# Easy chocolate vanilla refridgerator pie w/pic



## damndirtyhippy (Dec 23, 2012)

This started as a topping for a ice cream cake but has evolved into my own thing everyone loves it is best with a glass of milk as it is very rich.  

1   Oreo pie crust 

1   Regular size container coolwhip

1    Package of cream cheese 8oz (room tempature)

1/8 cup sugar

1/2 Teaspoon Vanilla extract

1 Cup Milk chocolate chips (melted)

Mix coolwhip, cream cheese, Sugar and Vanilla with electric mixer until smooth.  

Put about half of this into the bottom your pie crust.

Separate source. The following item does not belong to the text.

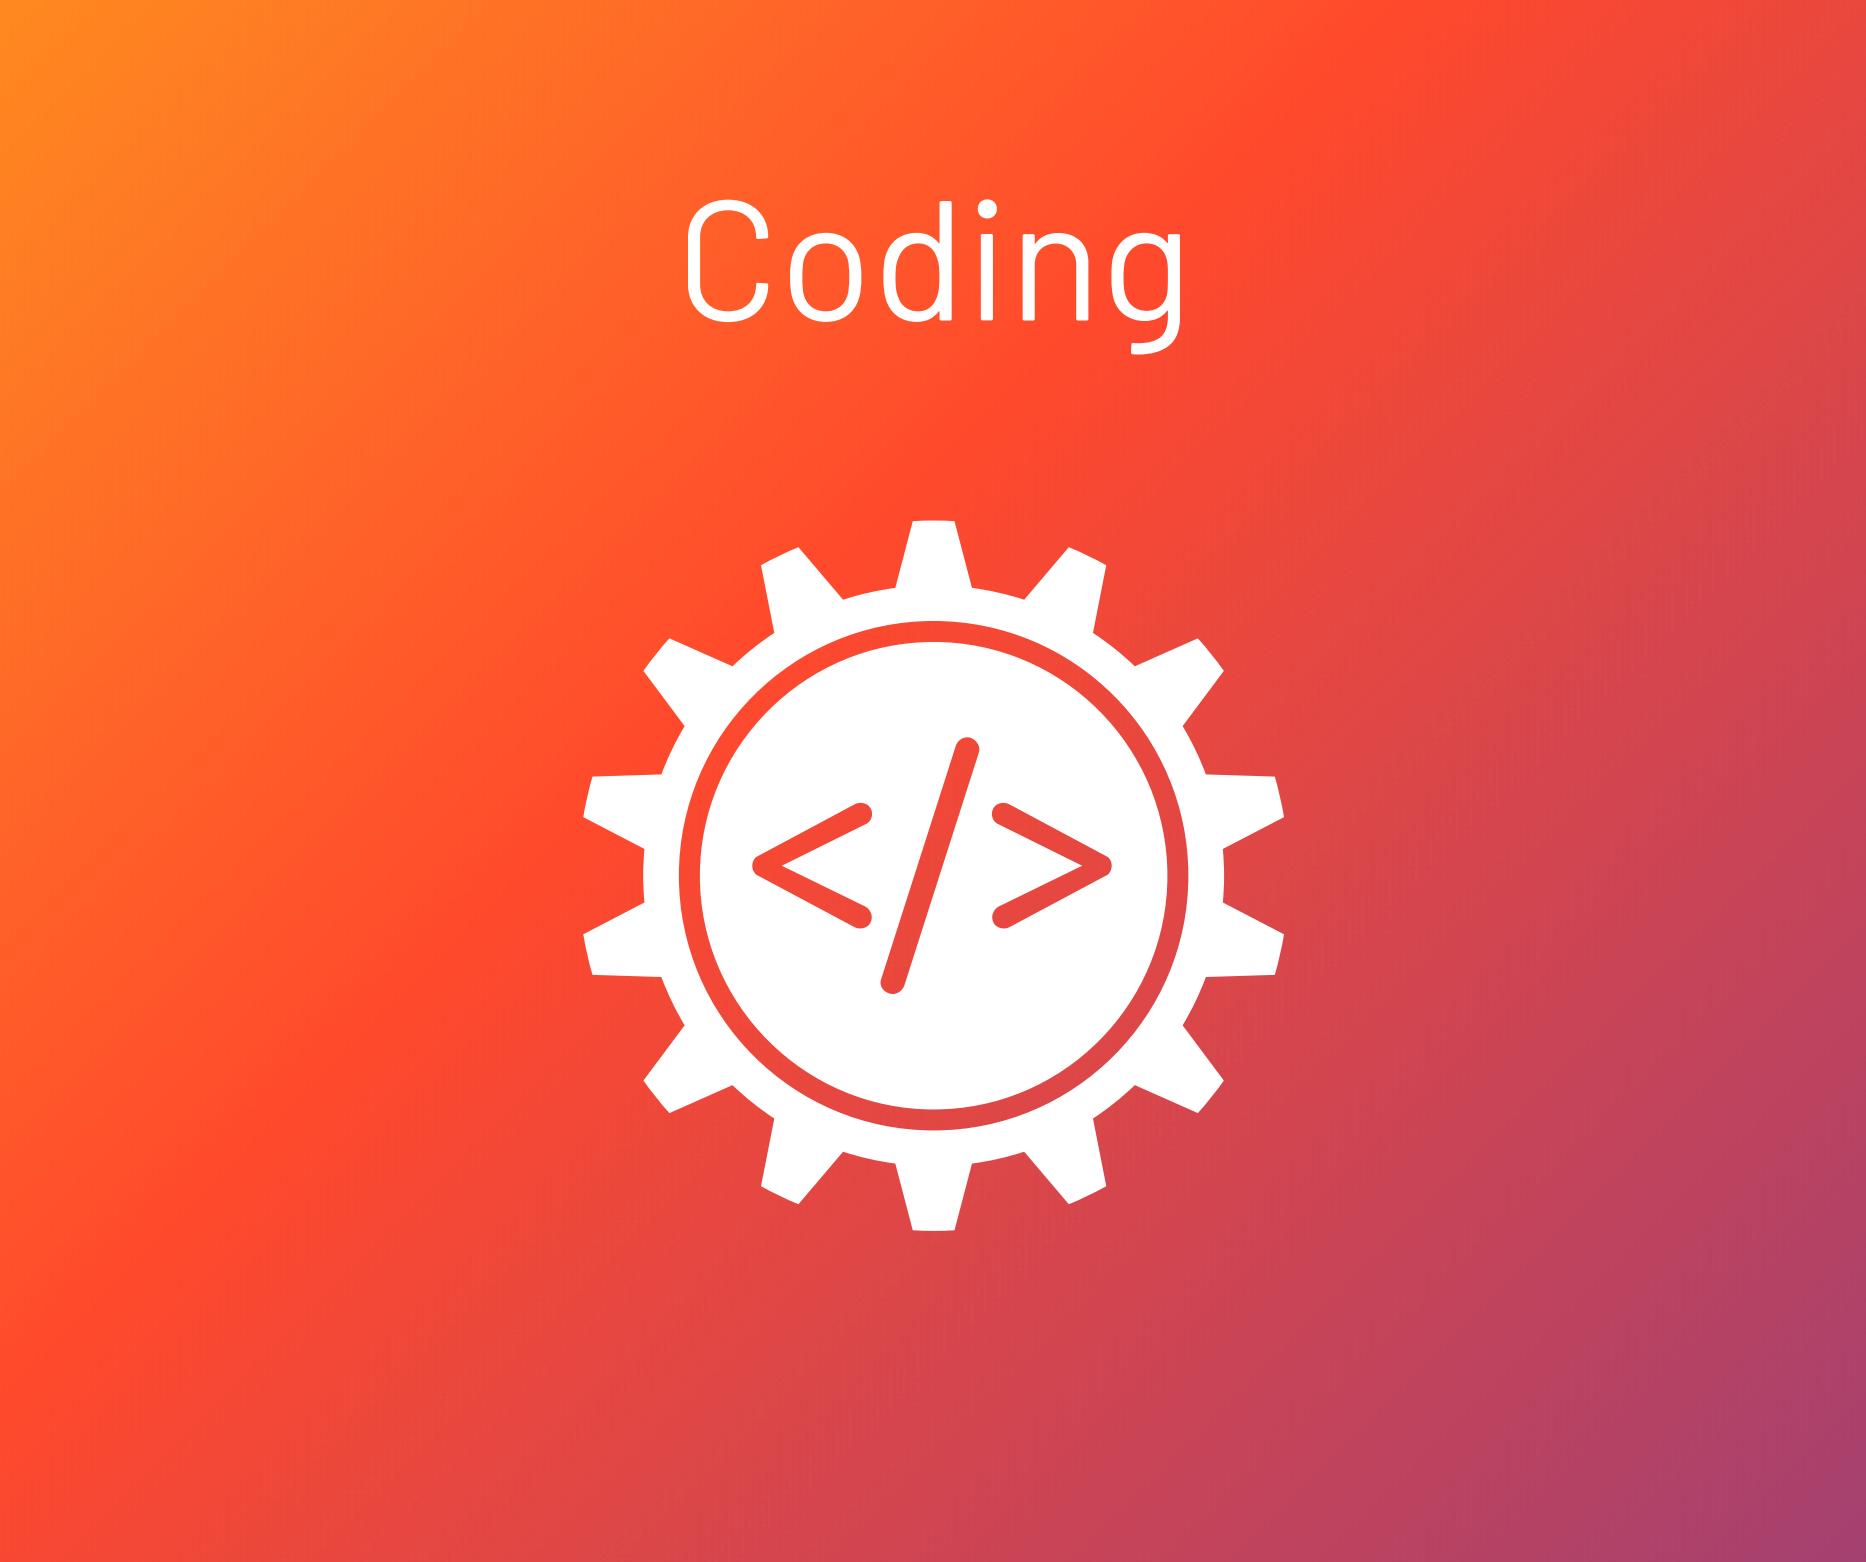 Coding for Websites

Melt chocolate chips in microwave 

Quickly mix melted chocolate chips with remaining pie filling then place on top of your white layer.  You can top it with shaved chocolate I just used Bakers semi sweet baking squares and my cheese grater.  But that parts optional.  I think this pie is best the day after you make it the filling is better after having set for overnight. 













photo (12).JPG



__ damndirtyhippy
__ Dec 23, 2012


----------



## diggingdogfarm (Dec 23, 2012)

Looks good!



~Martin


----------



## smoking b (Dec 23, 2012)

Wow that looks good! I'm gonna have to try that really soon. Thanks


----------



## smoking b (Dec 26, 2012)

Ok I made a couple of these to have for when my parents & grandparents came for dinner yesterday.













PICT0015.JPG



__ smoking b
__ Dec 26, 2012






I shaved rich dark chocolate onto the tops of them.













PICT0016.JPG



__ smoking b
__ Dec 26, 2012


















PICT0017.JPG



__ smoking b
__ Dec 26, 2012






I ran out of small plates serving everyone else so I had to use a bowl lol. Very good for a quick easy dessert! Thanks for sharing the recipe ddh!


----------



## 05sprcrw (Dec 26, 2012)

Those look fantastic, I plan on making one of these pies very very soon.


----------



## shoneyboy (Dec 26, 2012)




----------



## damndirtyhippy (Dec 26, 2012)

Skoking B Glad you enjoyed them, its an easy recipe and always turns out so good.


----------



## rdknb (Dec 26, 2012)

I just bookmarked this, looks very good


----------



## smoking bill (Dec 26, 2012)

hey it is the day after christmas and showing something as yummy looking as that, isnt fair. now i will have to walk 5 miles to get it all worked off.


----------



## s2k9k (Dec 26, 2012)

I don't really like sweets that much but this looks really good! I just put it in Evernote!


----------



## dward51 (Dec 26, 2012)

Oooooooo......  Going to tag this one for the New Years party.

Thanks!!!!


----------